Ratio: The review presents zero voices defending capitalism, zero voices skeptical of Jackson's ecological or political conclusions, and zero alternative reviewers or historians who assess Jackson's book critically. All substantive scholarly voices either support or are ventriloquized through Jackson's framing. NHOC scholars are named only as targets of Jackson's criticism; they are not quoted in their own defense. This is approximately a 4:0 critical-to-neutral ratio on capitalism as a system.

The format is a book review, which conventionally centers the author under review — but a review for a general audience still benefits from noting where the book's arguments are contested.

Omissions

  1. No dissenting assessment of the book itself. The review does not mention any scholarly or critical reception of The Insatiable Machine — no peer responses, no contrary reviews. A reader cannot gauge whether the book's specific empirical claims (e.g., on the relative size of the sugar economy or imperial investment flows) are broadly accepted or disputed.

  2. NHOC scholars not given a fair hearing. Beckert, Johnson, and Baptist are named as targets of Jackson's critique but never summarized charitably. A reader unfamiliar with, say, Beckert's Empire of Cotton has no basis for evaluating whether Jackson's rebuttal is compelling or a strawman.

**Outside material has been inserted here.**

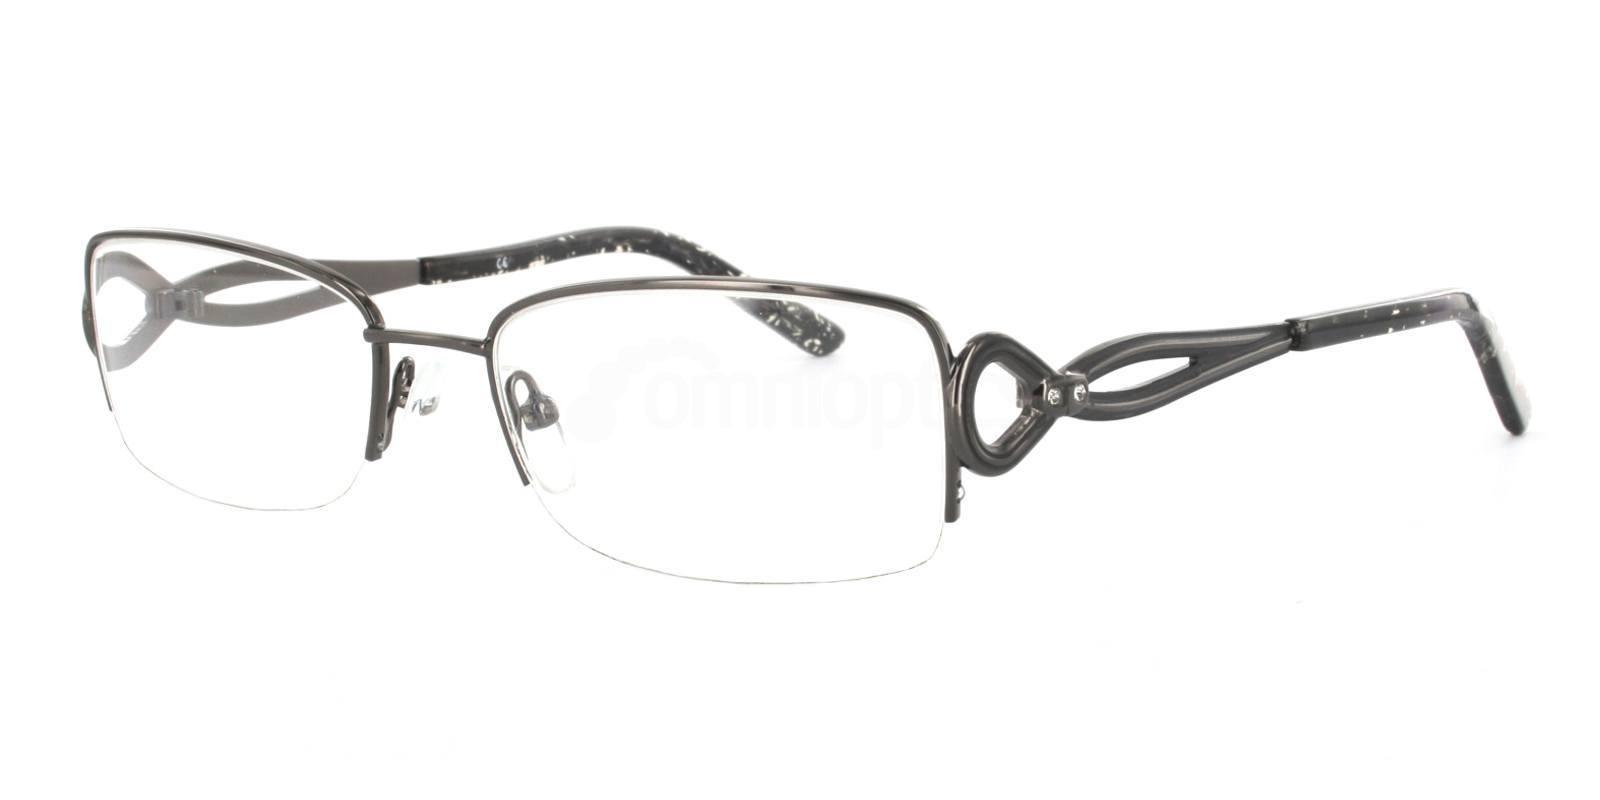 C2 Y25948 Glasses, SelectSpecs

  3. No disclosure of Jacobin's editorial stance. Jacobin is an explicitly socialist publication. A reader encountering this review without that context — plausible on a shared link — would benefit from knowing the outlet's ideological orientation, especially given the review's uncritical sympathy for Jackson's call to "kill capitalism."

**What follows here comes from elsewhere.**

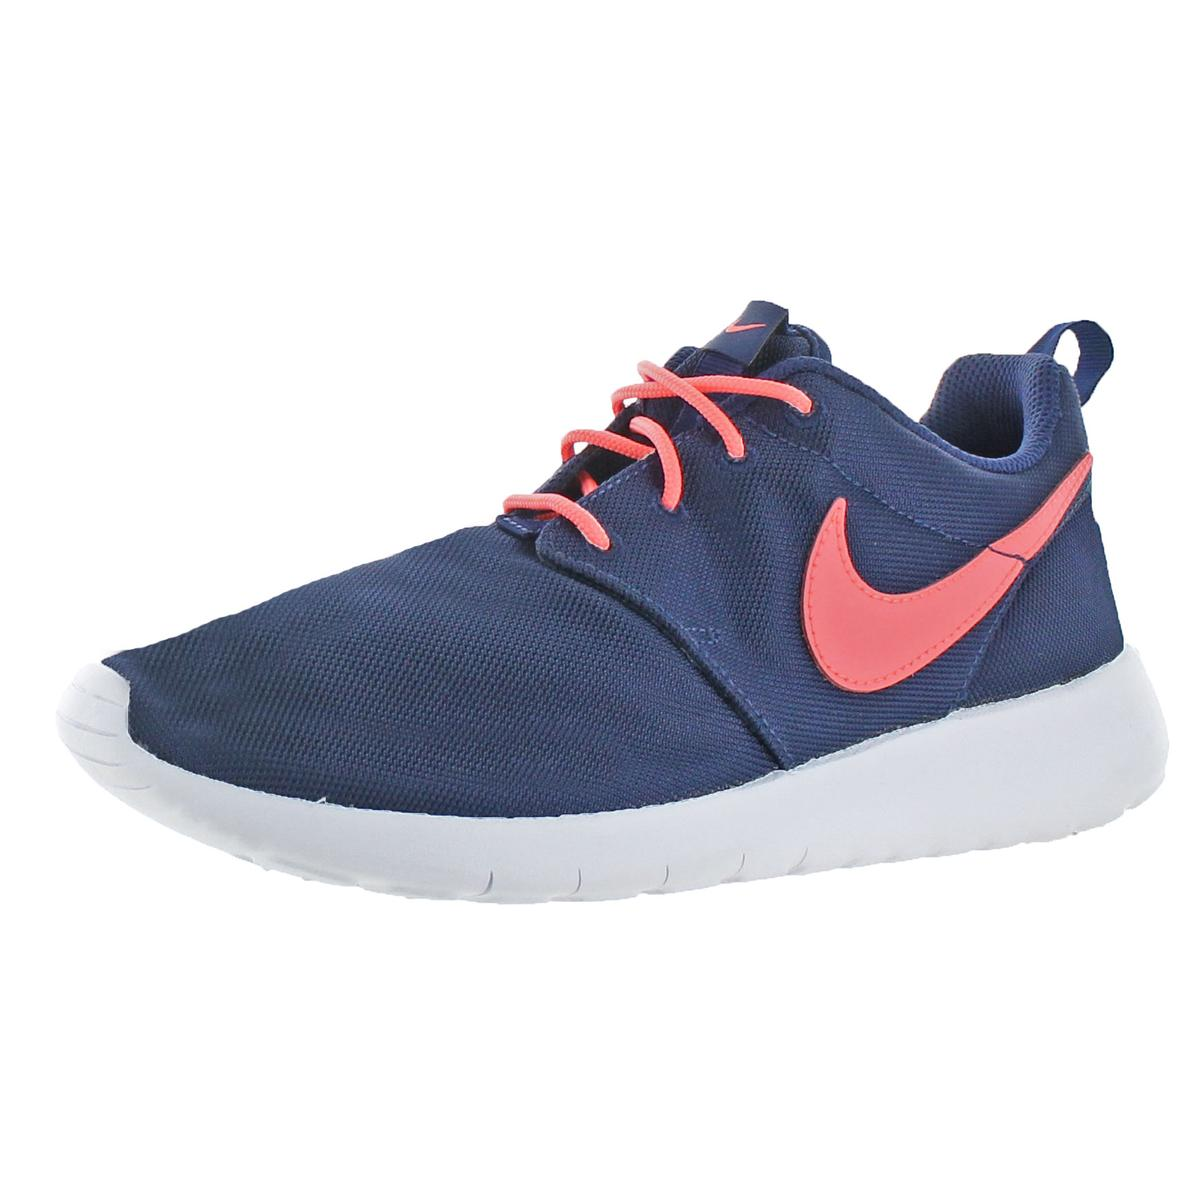 b2856468f685 Details about Nike Girls Roshe One Navy Running Shoes 6.5 Medium (B

  4. Jackson's ecological claims are not contextualized. The review treats Jackson's assertion that "The world I live in will be destroyed within my lifetime" as motivating but does not note that this is a rhetorical and contested framing of climate science, distinct from the scientific consensus on warming itself.

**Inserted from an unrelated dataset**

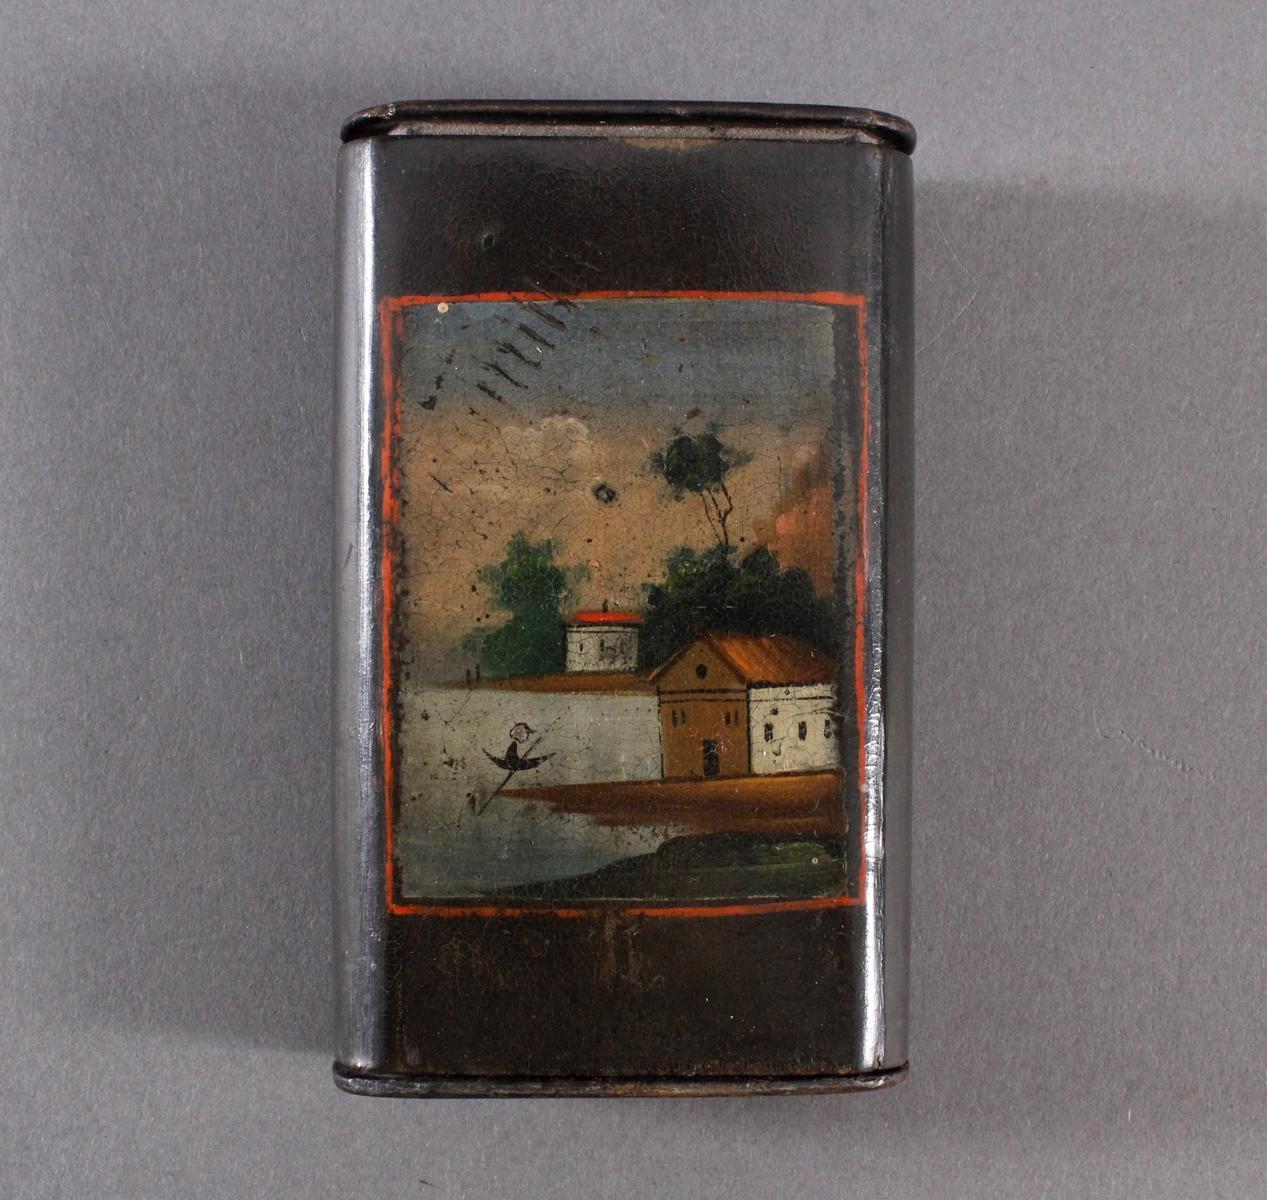 Zigarettenetui, Art Stobwasser 19. Jh.

  5. Absence of any mainstream or pro-market economic history. The review frames the debate entirely within a spectrum running from NHOC to non-Marxist left to Marxist. Works by economic historians sympathetic to markets (e.g., Deirdre McCloskey, Joel Mokyr) are not mentioned even as foils, leaving readers with no sense of the full historiographical landscape.

What it does well

Rating

Dimension Score One-line justification
Factual accuracy 7 Attributions and historiographical claims are mostly reliable; the "Issac" misspelling and the unqualified hay/wheat claim are minor but real slips.
Source diversity 4 No voice defends capitalism or critiques Jackson; NHOC scholars appear only as named targets with no rebuttal space.
Editorial neutrality 5 Phrases like "and rightly so," "calamitous trajectory," and the Lenin-as-urgency framing reflect the reviewer's politics rather than craft assessment.
Comprehensiveness/context 6 Competent within its chosen frame, but omits mainstream economic history, the book's critical reception, and fair representation of NHOC positions.
Transparency 7 Byline present, author's institutional context for Jackson stated; no disclosure of Jacobin's editorial stance or the reviewer's own affiliations.

Overall: 6/10 — A knowledgeable and readable review whose genuine strengths in summarizing a complex historiographical debate are offset by unattributed editorializing and a source frame that never steps outside the anti-capitalist consensus it inhabits.